Trade-offs and Deployment Considerations
- MotionAGFormer: Highest accuracy, but with increased inference time, making it less suitable for real-time applications without further optimization.
- MotionBERT: Fastest inference, but less robust for fine-grained or dynamic tasks; pretraining on corrupted skeletons improves generalization to noise but not to all activity types.
- MMPose: Modular and efficient, with strong performance in lower-limb/gait tasks; performance degrades for upper-limb or prolonged, non-repetitive motions due to limited temporal windowing.
- BodyTrack: Balanced performance and real-time capability, but closed-source nature limits transparency, adaptability, and academic scrutiny.
Discussion
The benchmark demonstrates that monocular video-based 3D HPE models are viable alternatives to IMUs for out-of-the-lab kinematic assessment, with MotionAGFormer providing the best overall accuracy. The dual-stream hybrid architecture of MotionAGFormer, integrating global and local spatio-temporal dependencies, is particularly effective for complex, dynamic activities. However, the increased computational cost and inference time must be considered for real-time or resource-constrained deployments.
The results also highlight that no single model is universally optimal. Model selection should be guided by the specific clinical or application context, considering the trade-offs between accuracy, inference speed, hardware requirements, and ease of integration. For example, MMPose is preferable for gait analysis in telehealth, while MotionAGFormer is better suited for high-precision, complex movement analysis in sports or advanced rehabilitation.
The paper's limitations include the use of only healthy adults, a limited number of activities, and the absence of optical motion capture as a gold standard. IMU calibration and placement errors, as well as the closed-source nature of BodyTrack, introduce additional sources of bias and limit reproducibility.
Implications and Future Directions
The findings support the adoption of video-based 3D HPE for scalable, non-intrusive kinematic assessment in telemedicine and remote monitoring.
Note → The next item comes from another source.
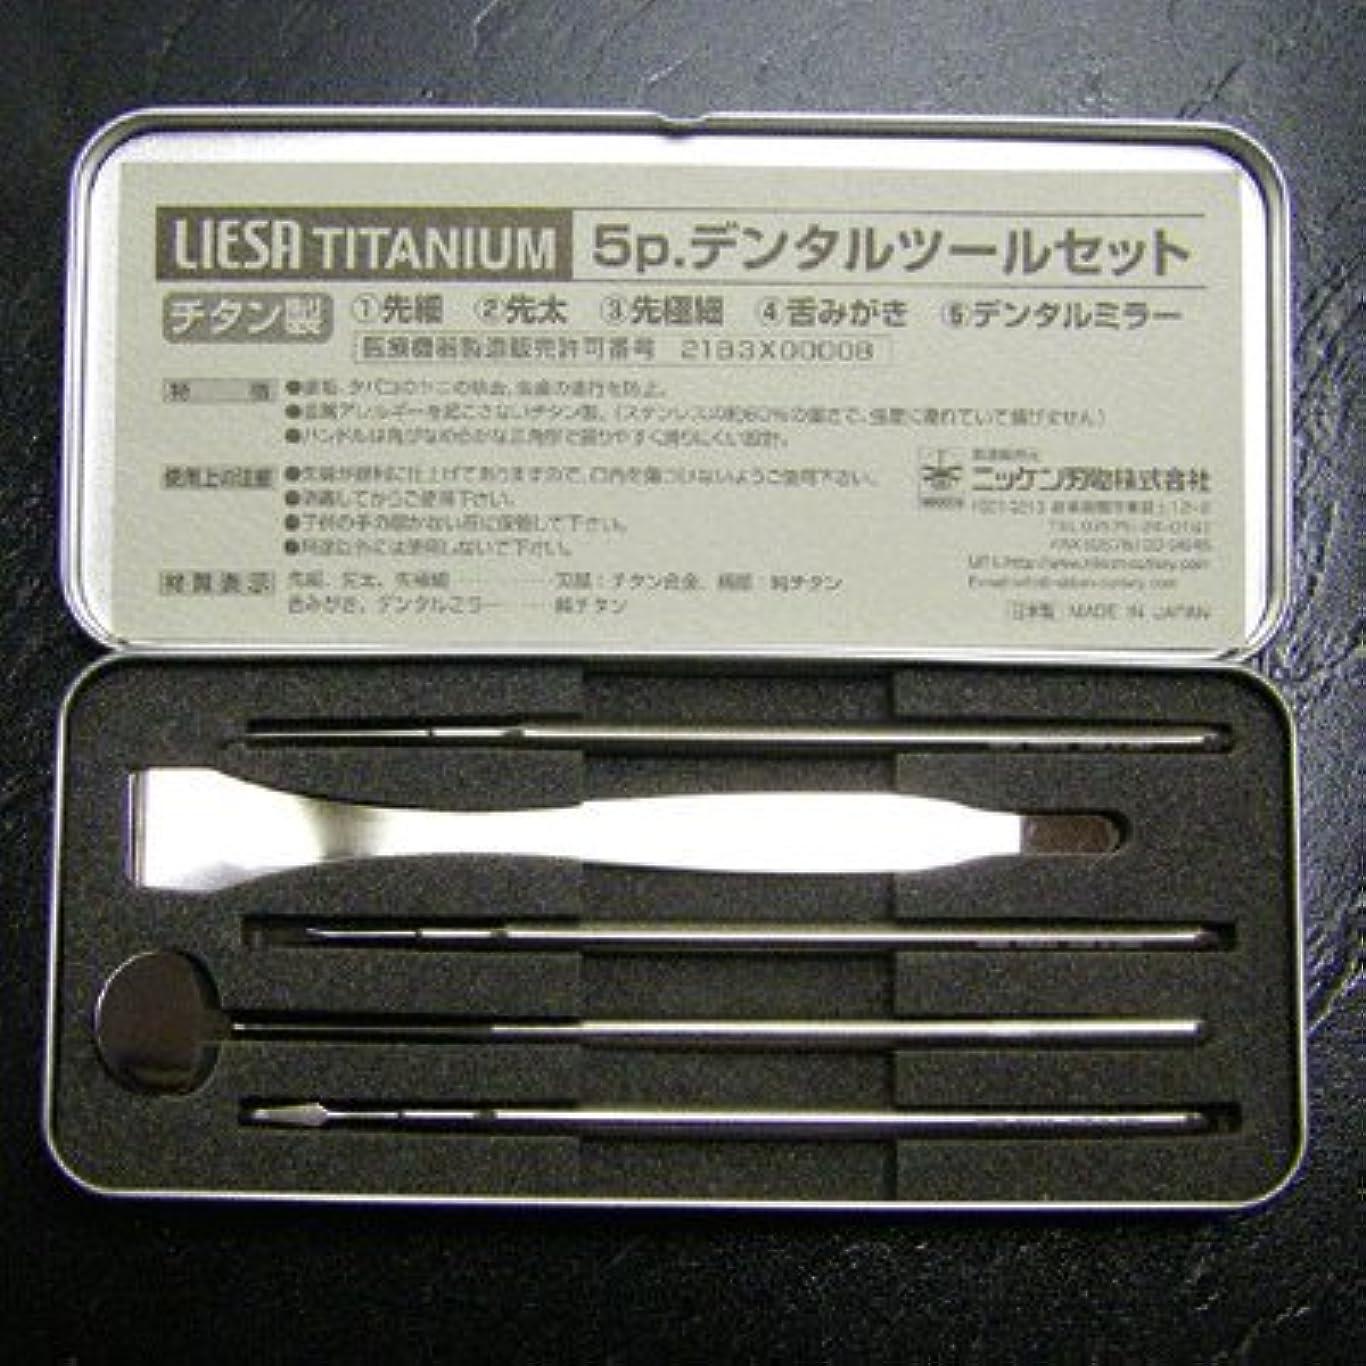 ロケット光電科学者岐阜県関の伝統 歯石取りデンタルケアセット チタン製

Future research should focus on:
- Hybrid video-IMU systems: Combining modalities to leverage complementary strengths and improve robustness in real-world conditions.
- Domain adaptation and fine-tuning: Tailoring models to clinical populations and diverse environments via supervised and self-supervised strategies.
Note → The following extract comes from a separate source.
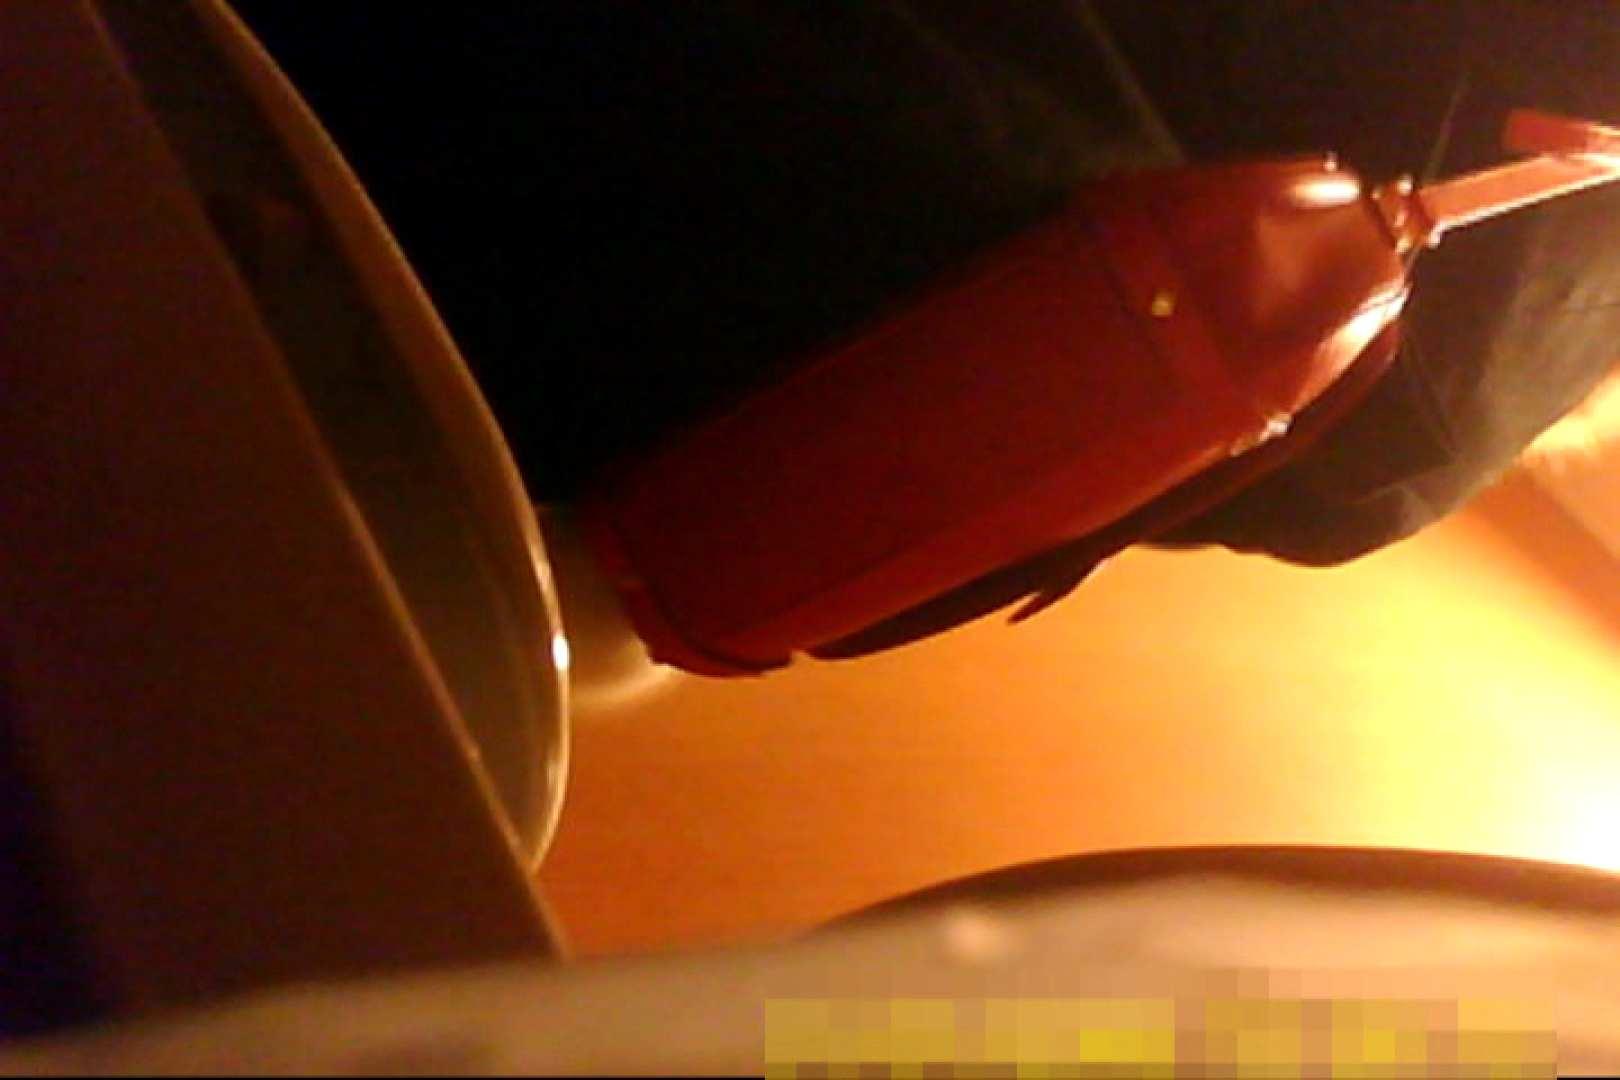 魅惑の化粧室~禁断のプライベート空間~vol.7 プライベート  79pic 30

- Dataset expansion: Including pathological cohorts and challenging scenarios (lighting, occlusion, multi-person) to enhance generalizability.
- Clinical outcome integration: Mapping objective kinematic features to established clinical scales for actionable decision support.
Parameter-efficient adaptation, cross-modal distillation, and realistic data augmentation are promising avenues for improving model robustness and deployment on edge devices.
Conclusion
This benchmark establishes a transparent, reproducible pipeline for evaluating monocular video-based 3D HPE models against IMU-derived joint angles in daily living activities. MotionAGFormer achieves the best overall accuracy, but model selection should be context-dependent, balancing precision, speed, and operational constraints. The paper provides a foundation for future clinical validation and the development of robust, accessible kinematic assessment tools for telehealth and beyond.